── PROVIDED MATERIAL

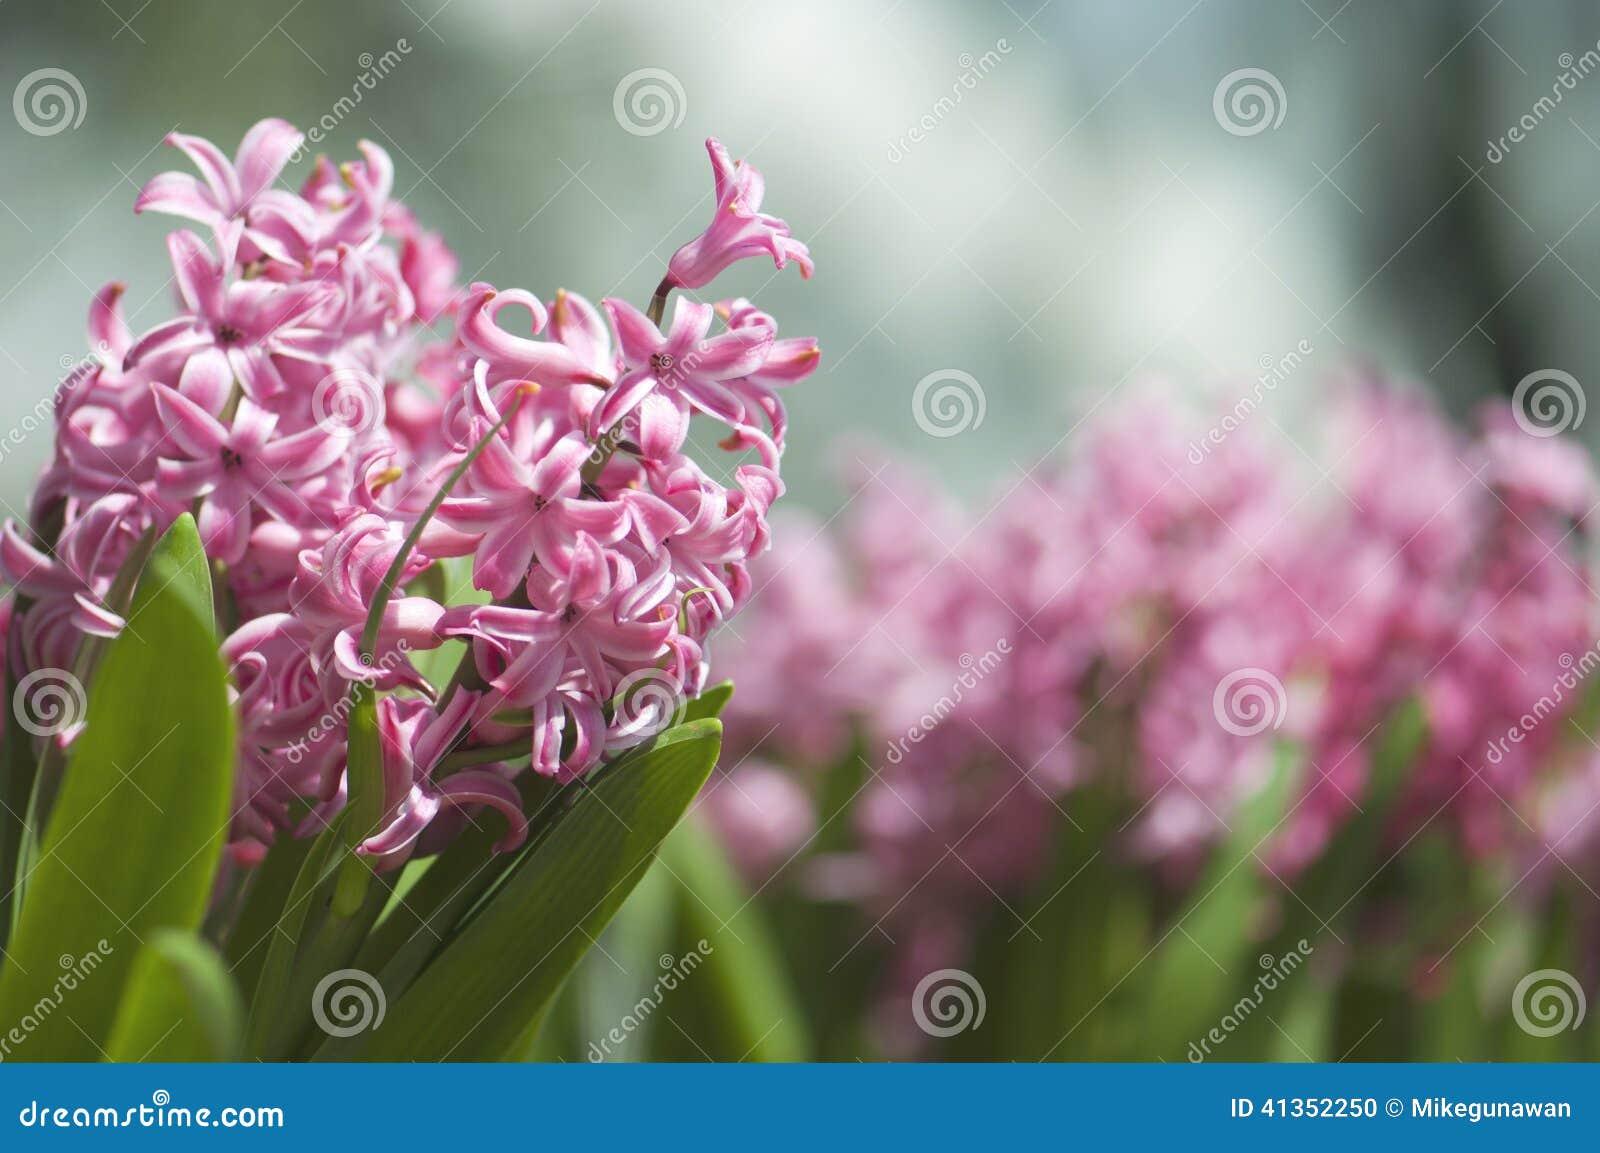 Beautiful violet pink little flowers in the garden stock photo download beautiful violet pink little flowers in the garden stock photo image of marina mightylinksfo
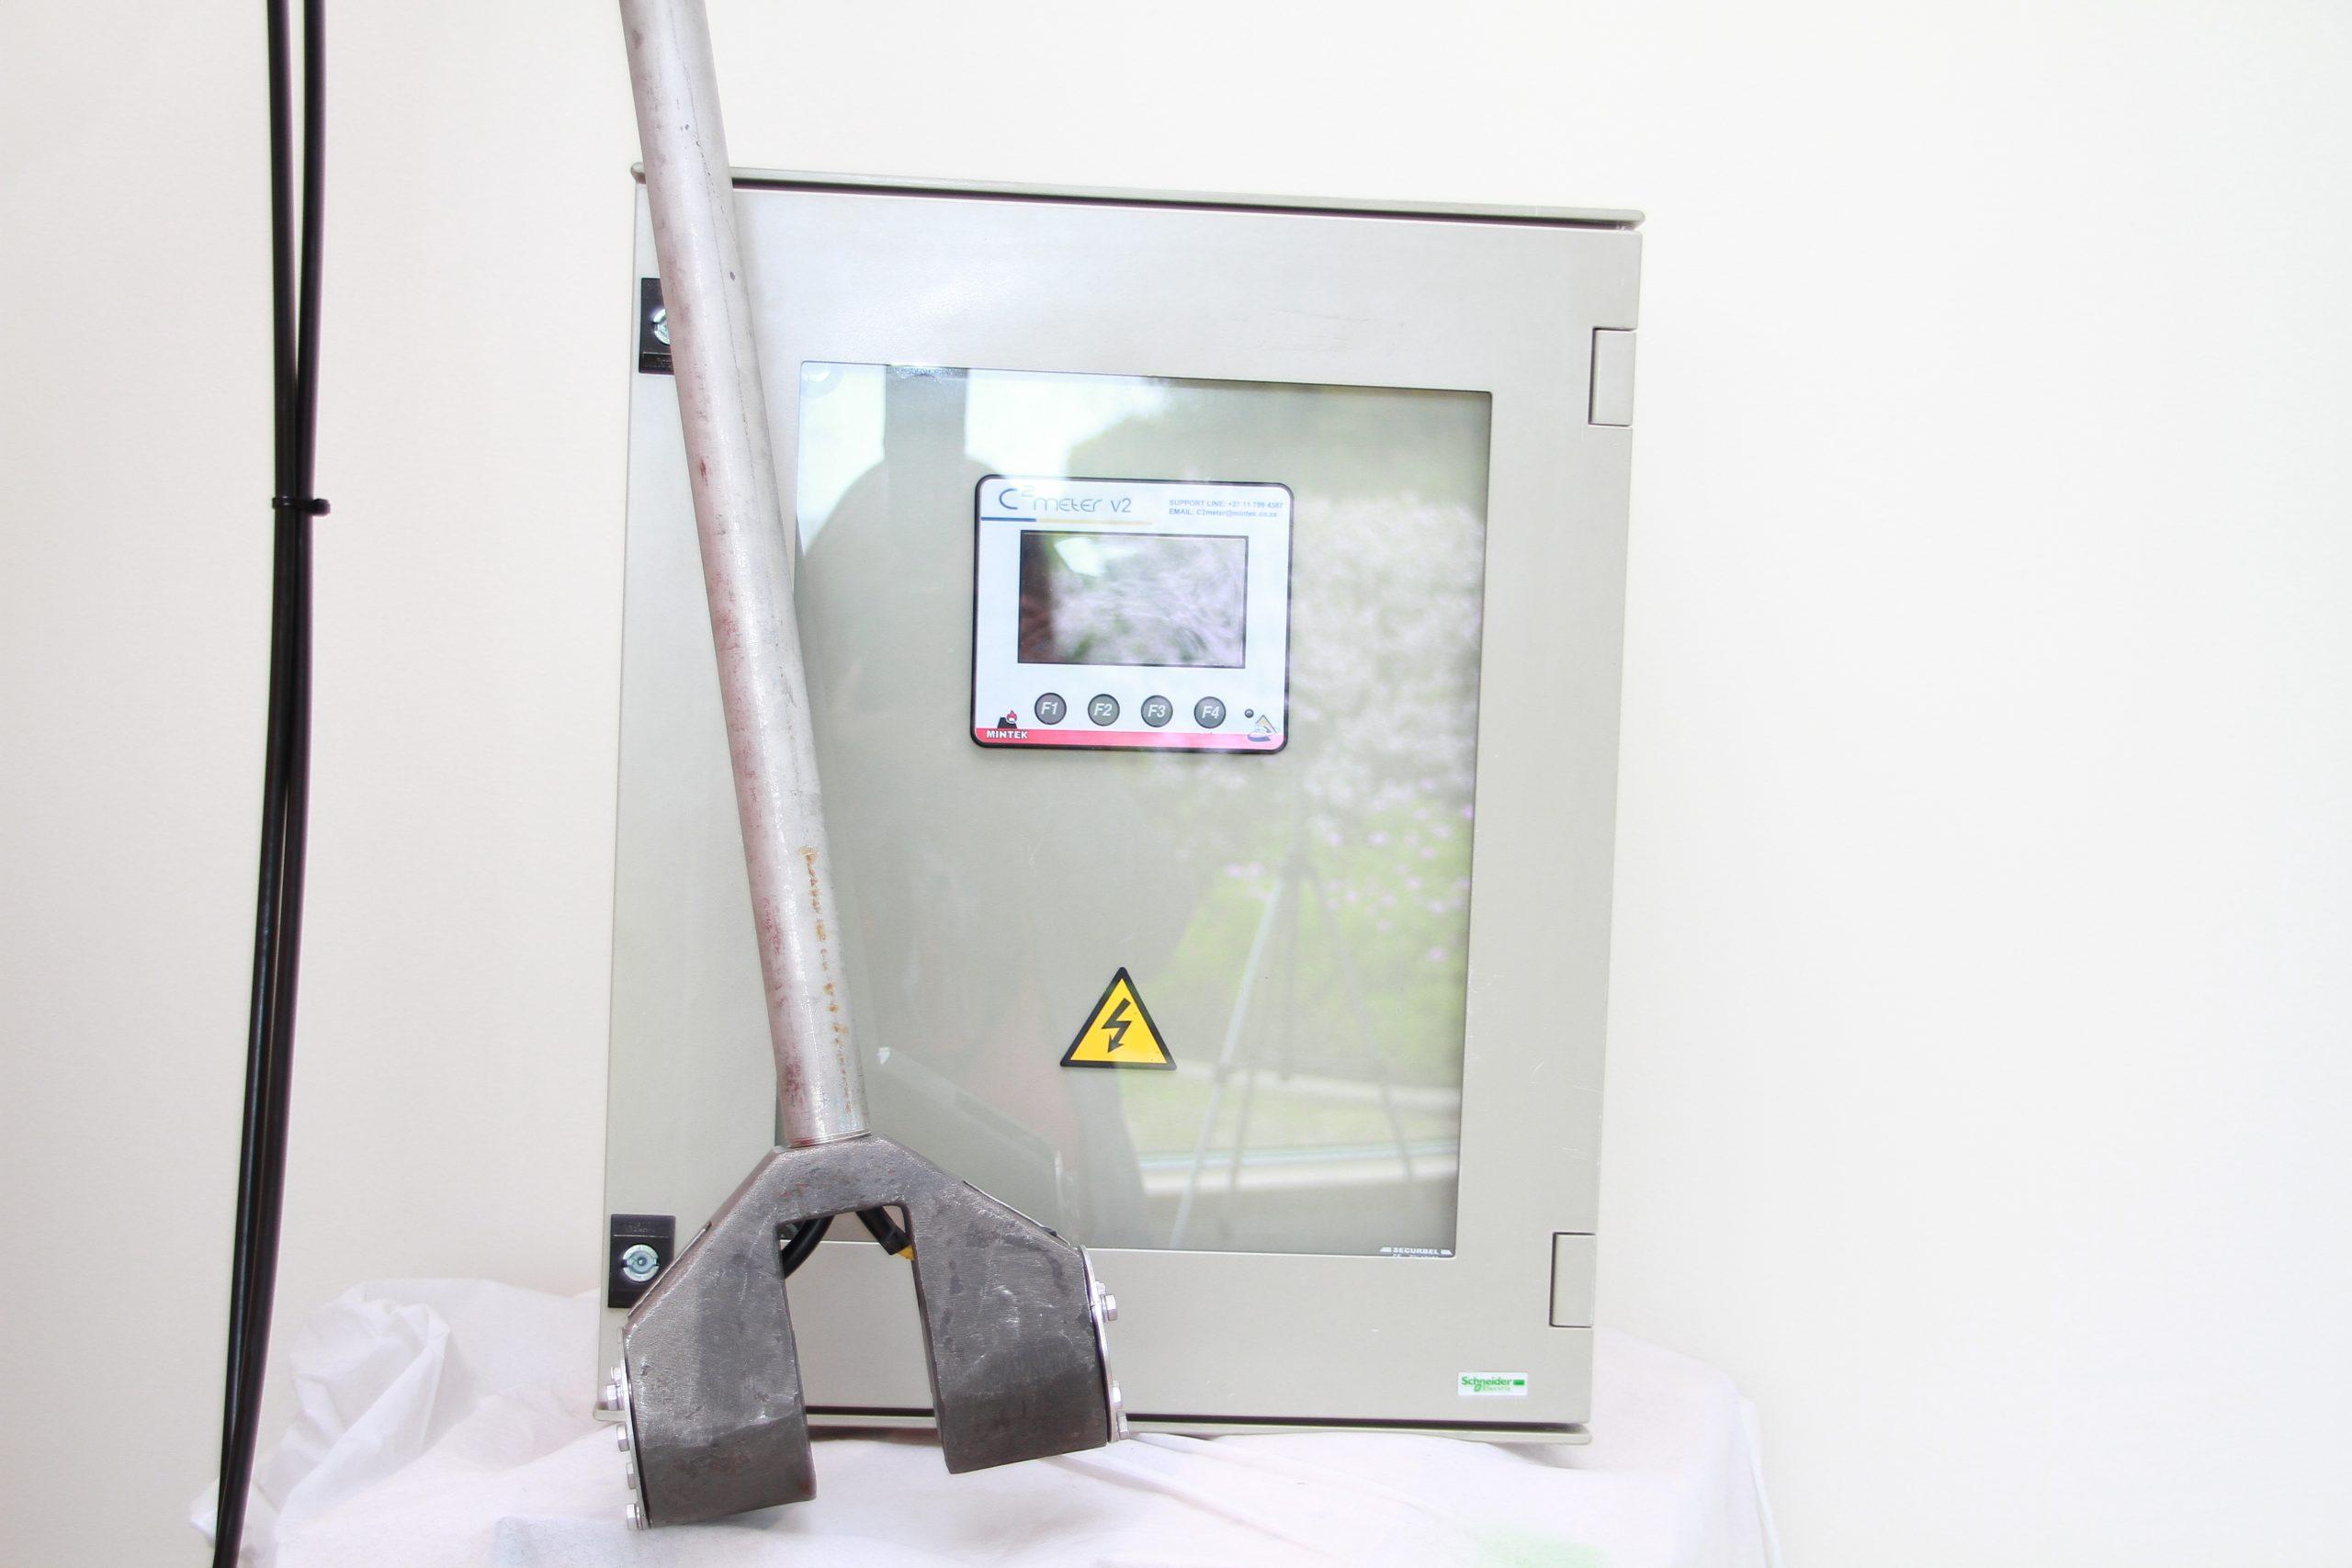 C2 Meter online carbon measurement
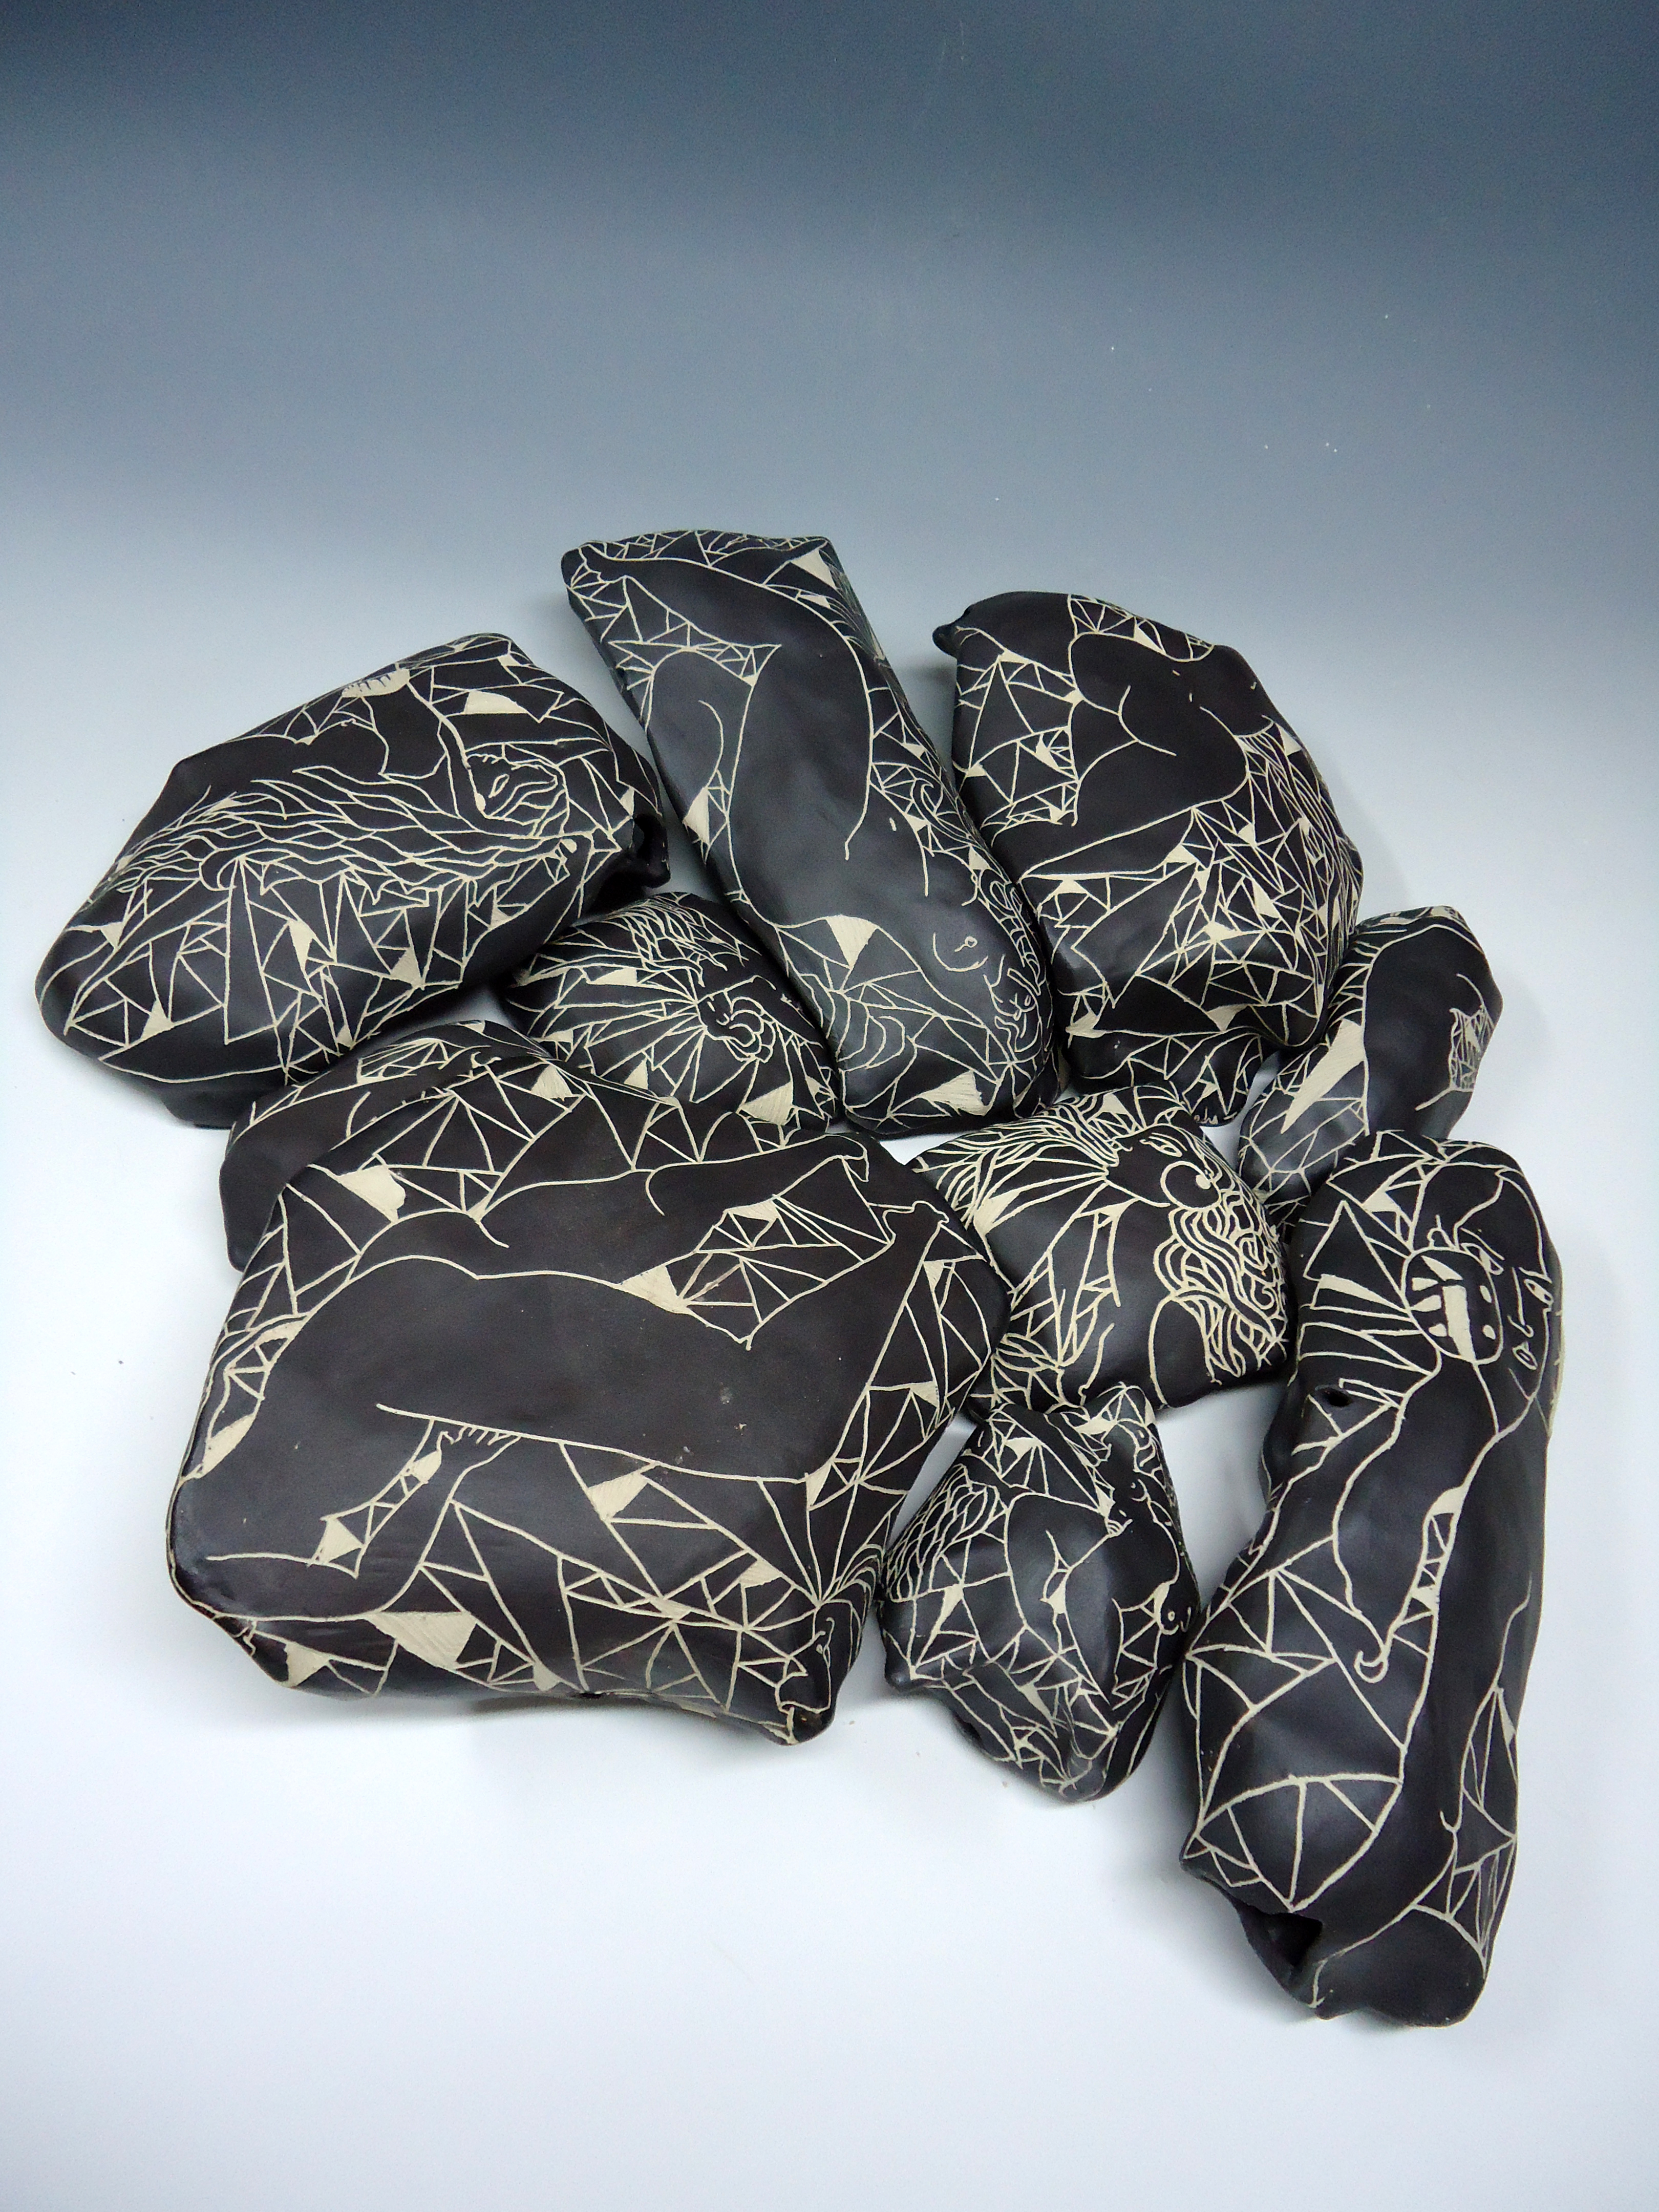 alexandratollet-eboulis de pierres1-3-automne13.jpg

────

- ASSIGNMENT: Without copying any picture, write out all of the material exactly as it reads.

- ANSWER SPACE:
 Beautiful violet pink little flowers in the garden stock photo download beautiful violet pink little flowers in the garden stock photo image of marina mightylinksfo
 C2 Meter online carbon measurement
 alexandratollet-eboulis de pierres1-3-automne13.jpg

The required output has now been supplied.